Looking back 25 years later, Hayford is struck by how the AIDS epidemic crossed so many social issues. Homophobia, racism, sexism, poverty and mental illness each played a role, "coalescing in this one movement," he said.

While AIDS still affects 1.2 million people in the United States and 36.9 million with HIV worldwide, the "state of emergency" has largely passed.

Buck's Saloon is gone, replaced by Replay. For Boystown's young partiers AIDS is a manageable reality, far from the all-consuming epidemic Hayford experienced.

"In some ways, that is the proper and healthy response," Hayford said. "You can never expect a generation behind you to know what you went through — how could you?"

Now, his conversations with clients about AIDS have shifted entirely.

"Back in the day, we were, by and large, clearing a little space for a moment of justice before a client would succumb to the illness — in some ways preparing people for a dignified death," Hayford said. "Now, we're really helping people build better lives."

In addition to his tireless efforts with the Legal Council, Hayford also wrote about the political and legal aspects of the crisis for the Chicago Reader, In These Times and The Progressive. He raises more than $10,000 each year for the Legal Council as an award-winning cabaret performer, producing multiple albums of '30s and '40s hits.
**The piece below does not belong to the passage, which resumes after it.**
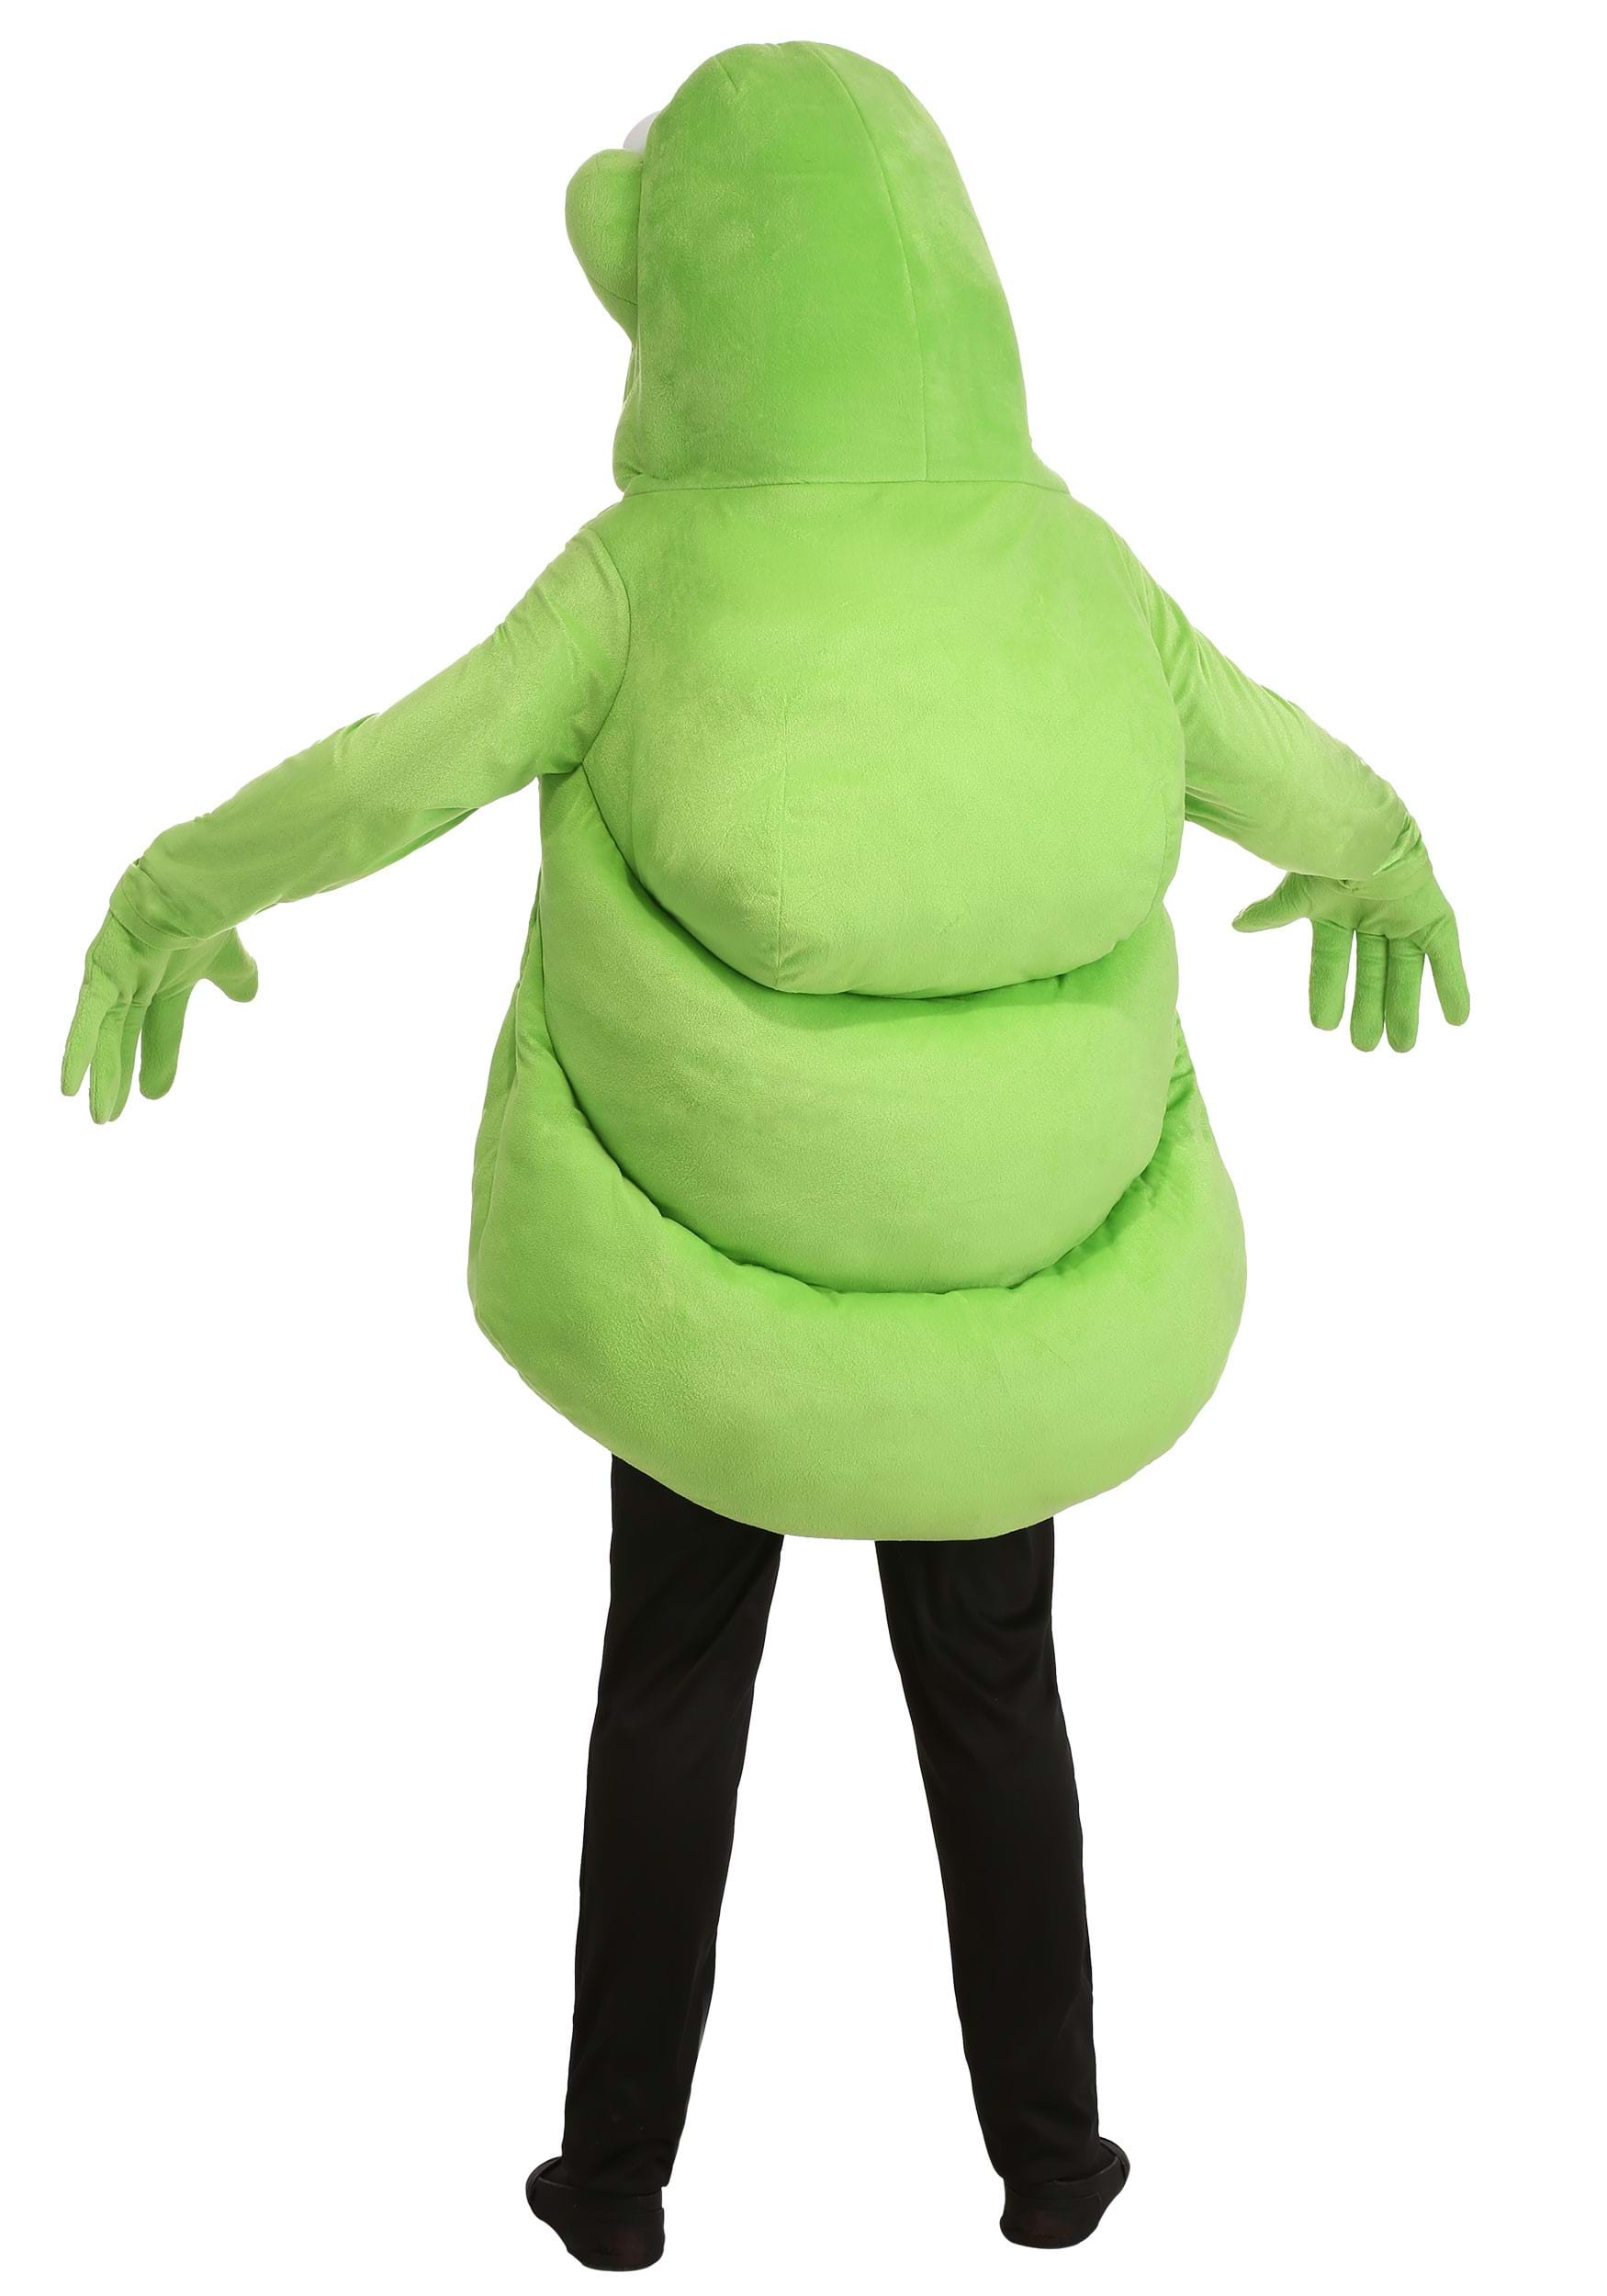 Adult Ghostbusters Slimer Costume , Ghostbuster Costume

The Chicago Bar Association selected Hayford for the 2016 Liberty Bell award because of his legal advocacy for low-income people with HIV and his continued work to make their lives better. The award is granted each year to a non-lawyer with a "sense of responsibility for community welfare and public duty."

And Hayford said his work is far from over.

Despite an early misconception that gay men were the primary affected population, the impoverished are increasingly at risk.

Approximately 70 percent of new cases are in sub-Saharan Africa, and most people living with HIV or at risk for HIV don't have access to prevention and treatment, according to the Kaiser Family Foundation.

"Gay people are finally able to say, 'I have a right to everything else that anybody else has,' but that's a very middle class, privileged male perception of what the government should provide you," Hayford said.

People of color, transgender people and the poor continue to have those rights challenged — which means Hayford and the Legal Council for Health Justice still have plenty of work to do.

"That is the next big thing we have to fight for," Hayford said. "Why shouldn't we expect as much as we demanded 30 years ago? Why should we expect less when people who are simply poor are affected?"